Modelling also encompasses all length scales and includes statistical, empirical and physical models. Modelling has been used for a long time in chemical engineering to design reactors, systems and processes. Examples include designing a new reactor for a chemical reaction, an aftertreatment system for a vehicle or a process flow sheet for recycling waste materials. More recently, advances in modelling are permitting chemists to be more predictive, to be able to design materials, reactions and their performance with far fewer experiments. For example, in this edition, the need for computational modelling methods to replace incremental experimental development to meet the need to design complex new advanced materials is explained (1).

The application of nuclear magnetic resonance (NMR) to characterising activated carbons leads to insights into kinetic exchange of solvent molecules (2). The technique makes use of the magnetic shielding properties of the carbon structure to give insights into molecular level mechanisms which can give information to the chemist about where adsorbed species are in the material’s structure. These techniques enable the industrial chemist to gain a better understanding of the materials being used which leads to faster development and better understood technology. Equally important is the fundamental understanding of new materials and their properties both at the atomic and molecular scales which in time can lead to advances in existing or new technology.

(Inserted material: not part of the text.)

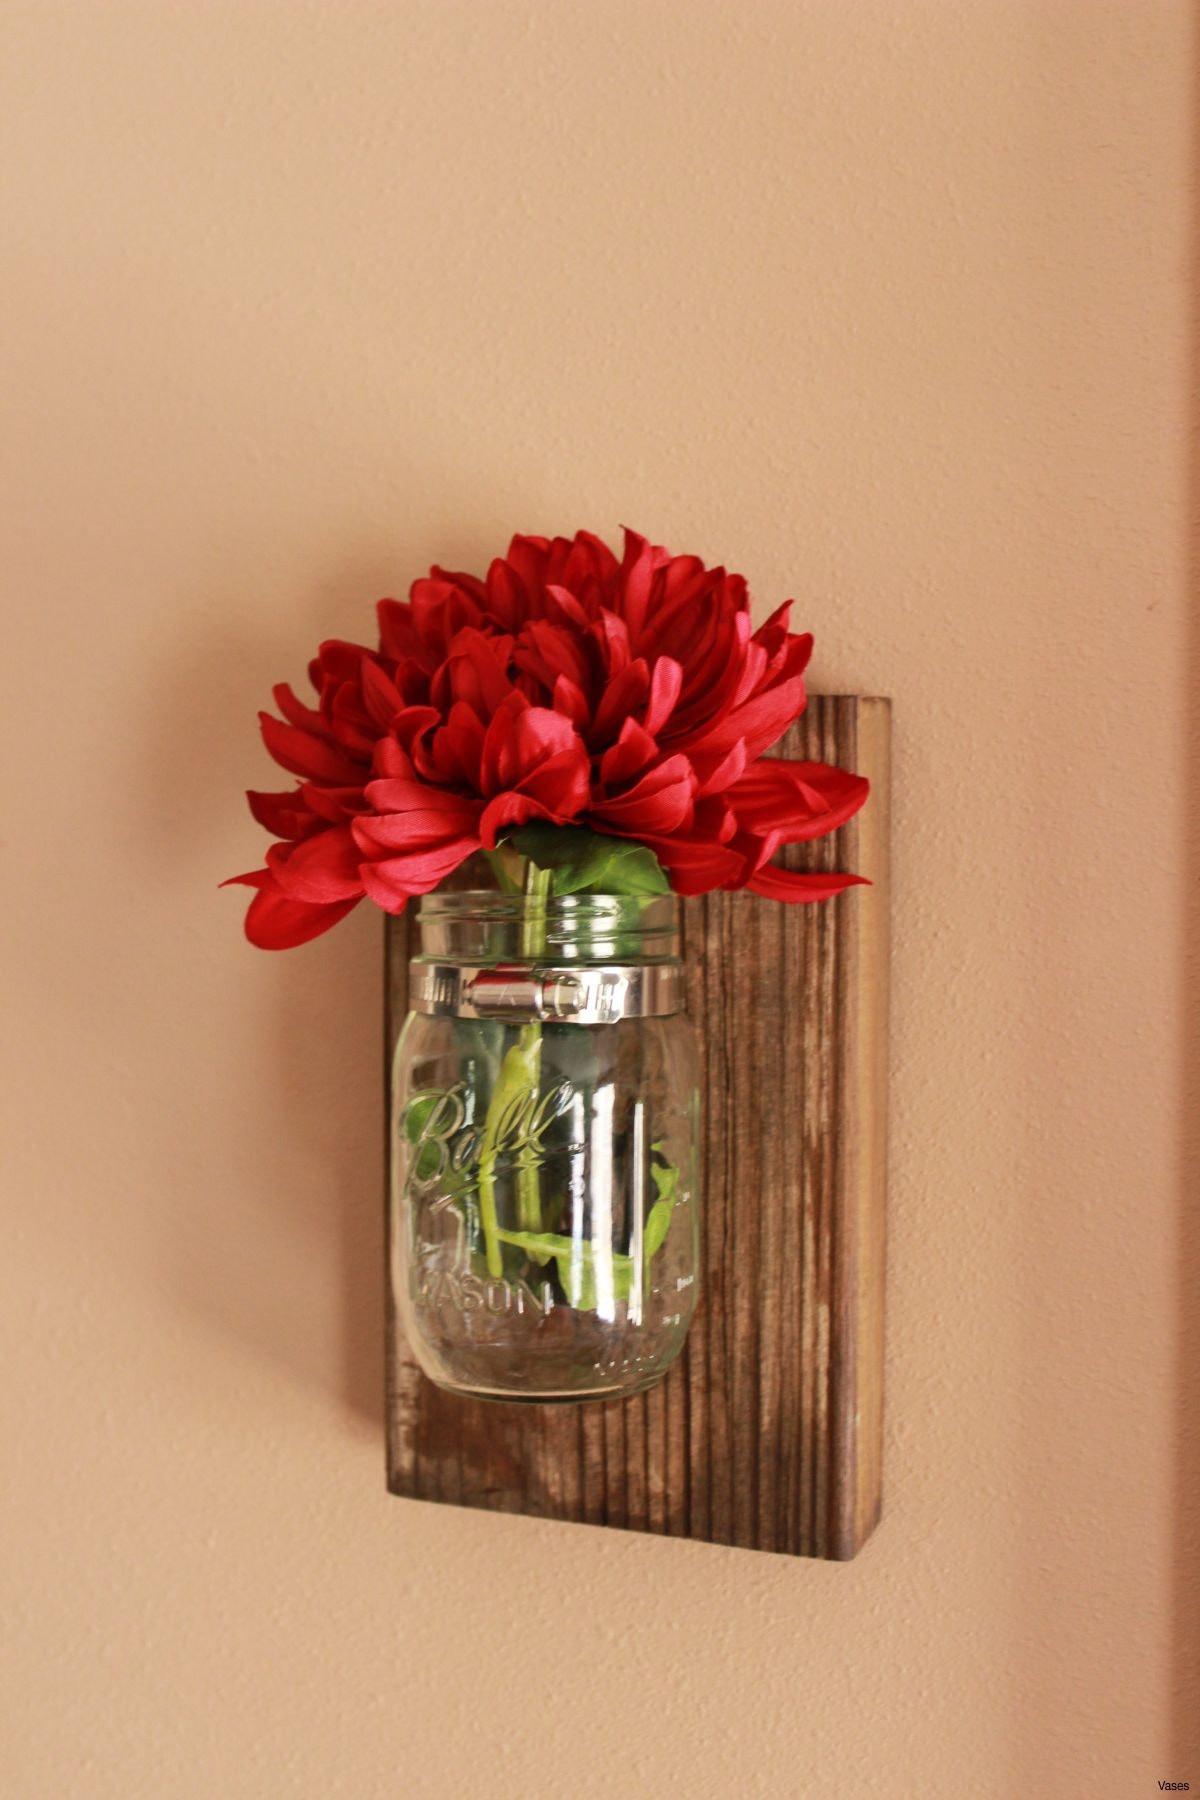 mason jar vases for wedding of flower wall decor meilleur de il fullxfull nny9h vases flower vase throughout flower wall decor meilleur de il fullxfull nny9h vases flower vase sconces zoomi 0d wall design
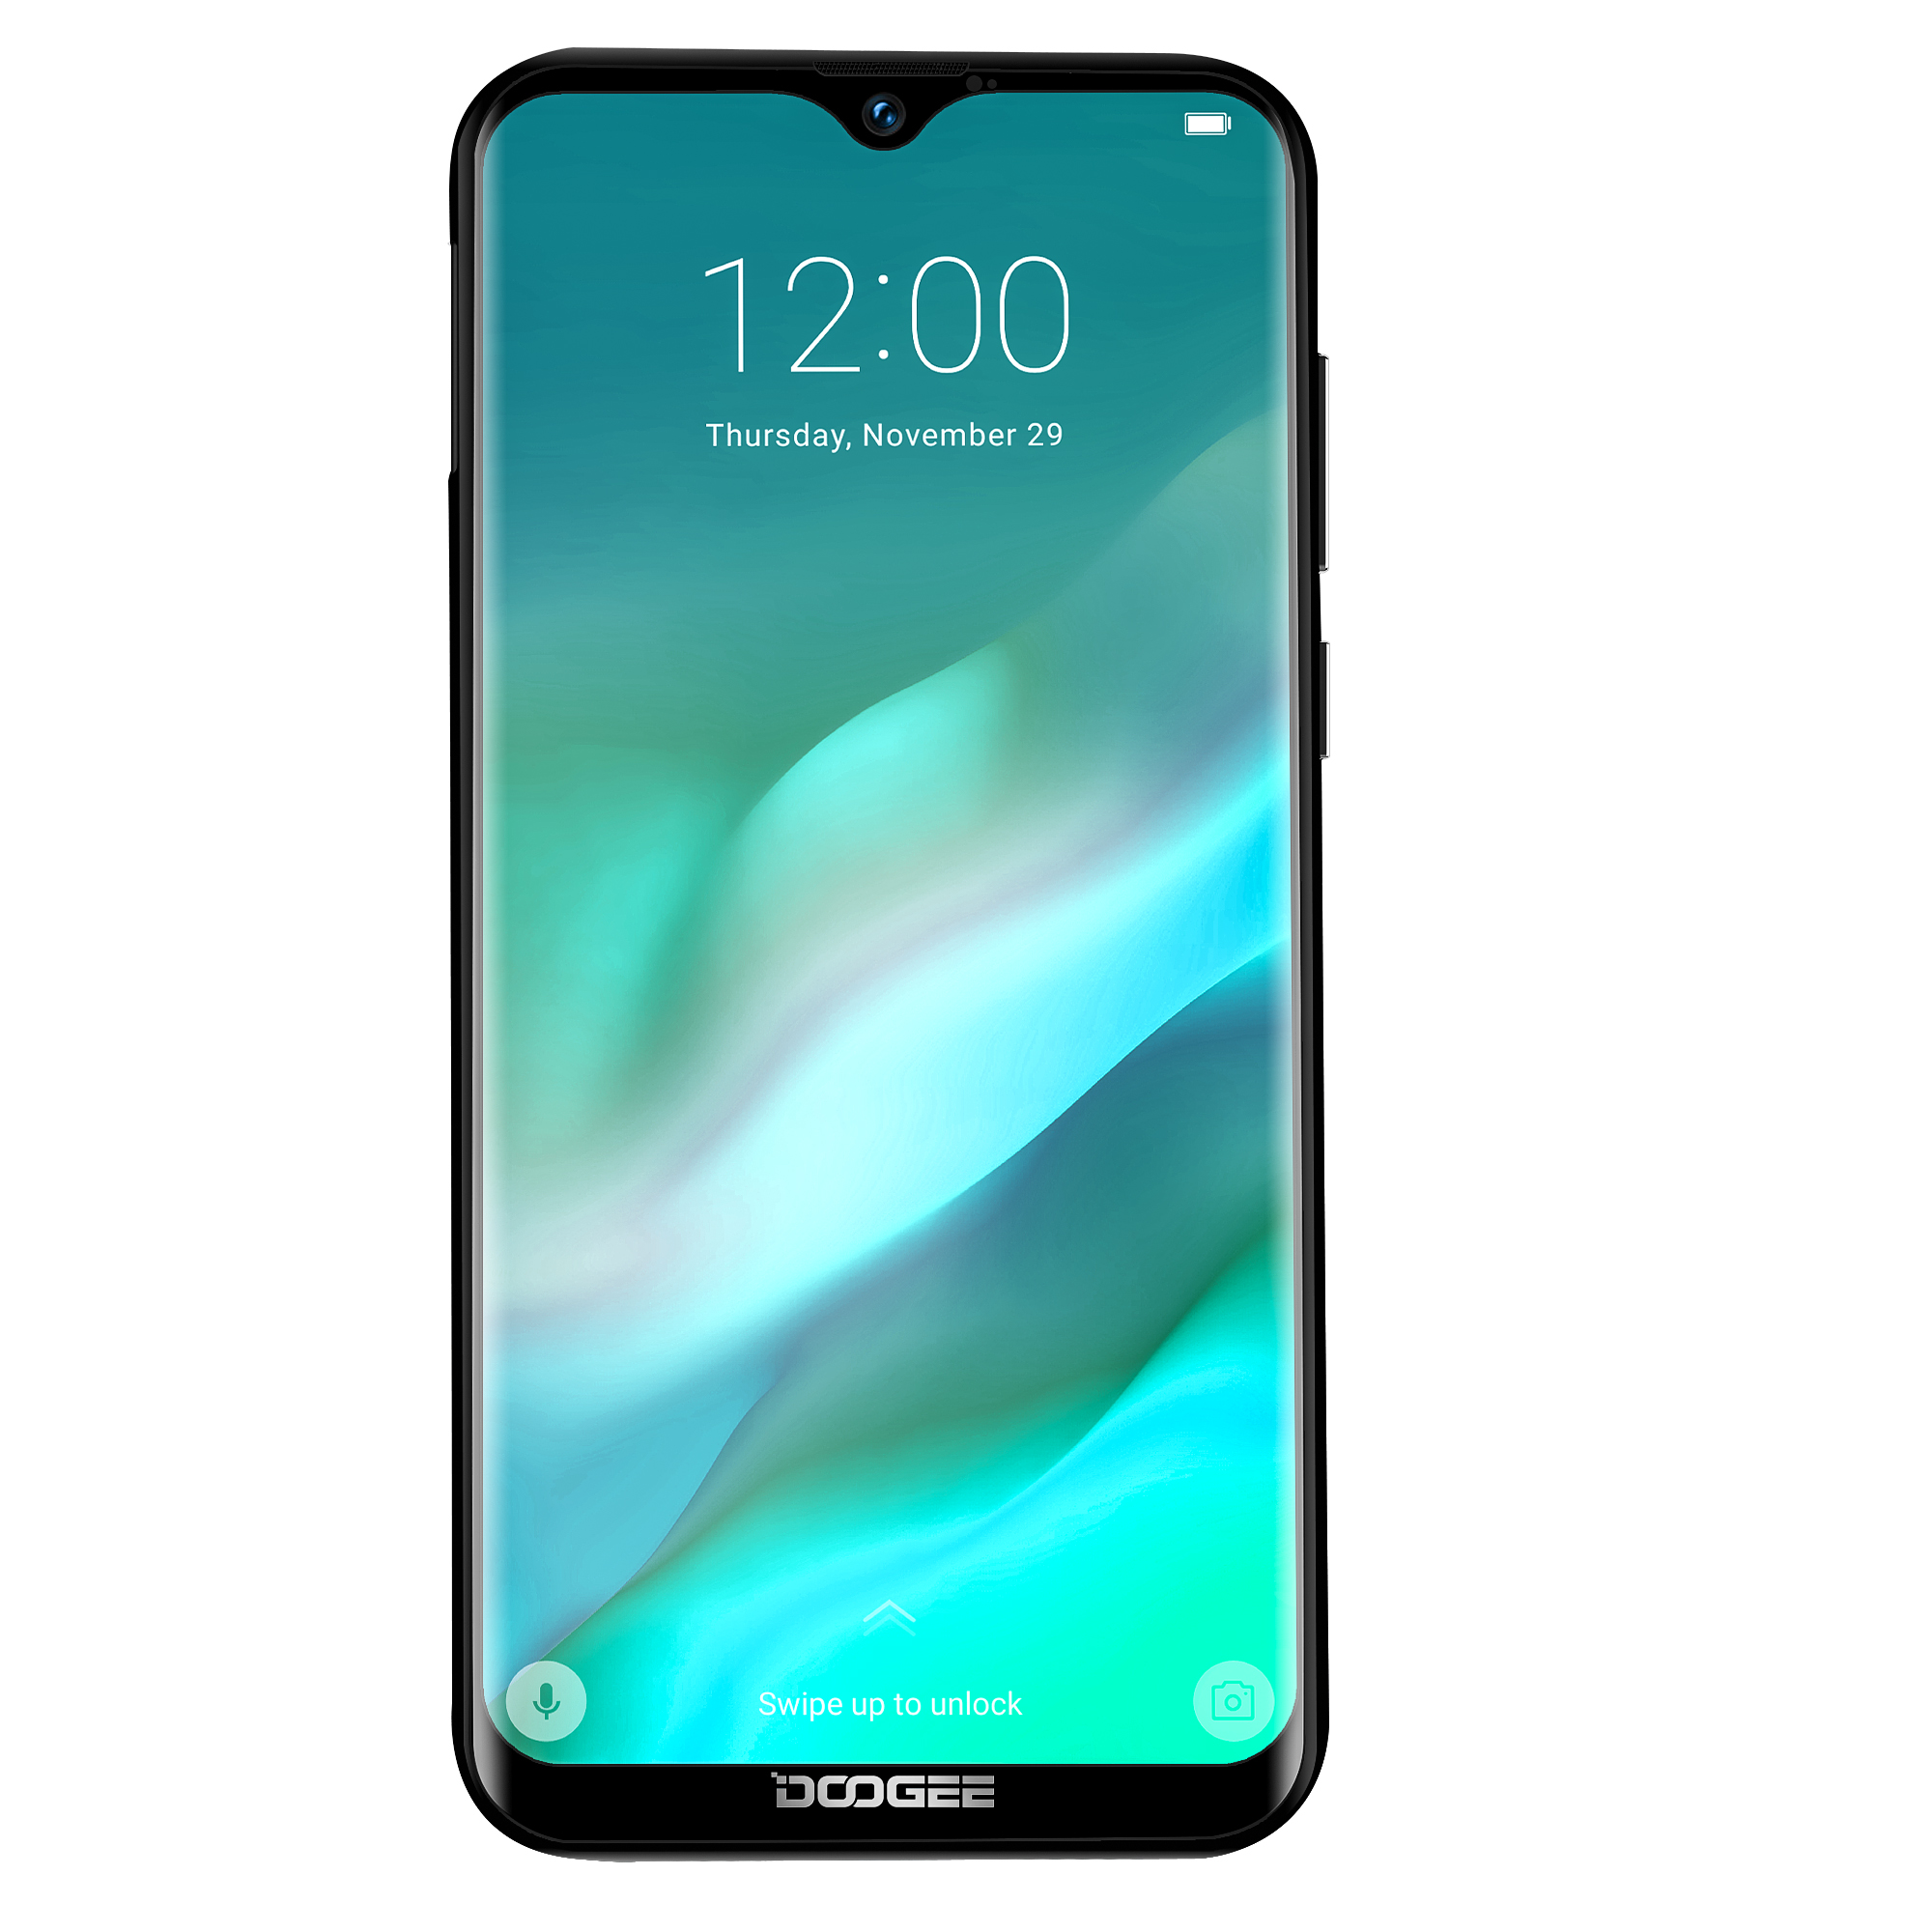 DOOGEE Y8 FDD LTE Telefone Android 9.0 Celular Smartphone com Tela de 6.1 polegada 19:9 LTPS Waterdrop MTK6739 3GB RAM 32GB ROM 3400mAh Dual SIM

Coatings and surface properties is another area at the interface of chemistry and physics. Johnson Matthey has many examples of products which rely on the functionality of particles deposited onto a surface. Examples include precious and base metal catalysts, advanced energy materials and medical components. As the coating thickness reduces from micron to atomic, the chemist’s traditional toolbox to deposit layers of formulated slurries, pastes and inks changes towards different deposition techniques such as chemical vapour deposition (CVD) and physical vapour deposition (PVD). The ability to design and deposit functional particles of a controlled size and shape onto a surface can find application in many disciplines such as transparent or reflective coatings, semiconductor devices, energy harvesting and sensing. Typically, these applications harness a combination of electronic, optical and chemical functionality. Further examples of applications in areas such as sensing, electronics and renewable energy are explored within this edition (3, 4).

Looking forward, global drivers such as climate change, the energy transition, population growth and longevity and resource challenges will drive the need for new technologies in areas such as more sustainable products, low carbon operations, clean energy and improved health and medical care. To meet these challenges chemists will increasingly need to reach out to adjacent disciplines to develop innovative solutions. In this edition of Johnson Matthey Technology Review, we welcome you to look at some of the advances in physics and explore how they are being used to drive forward R&D.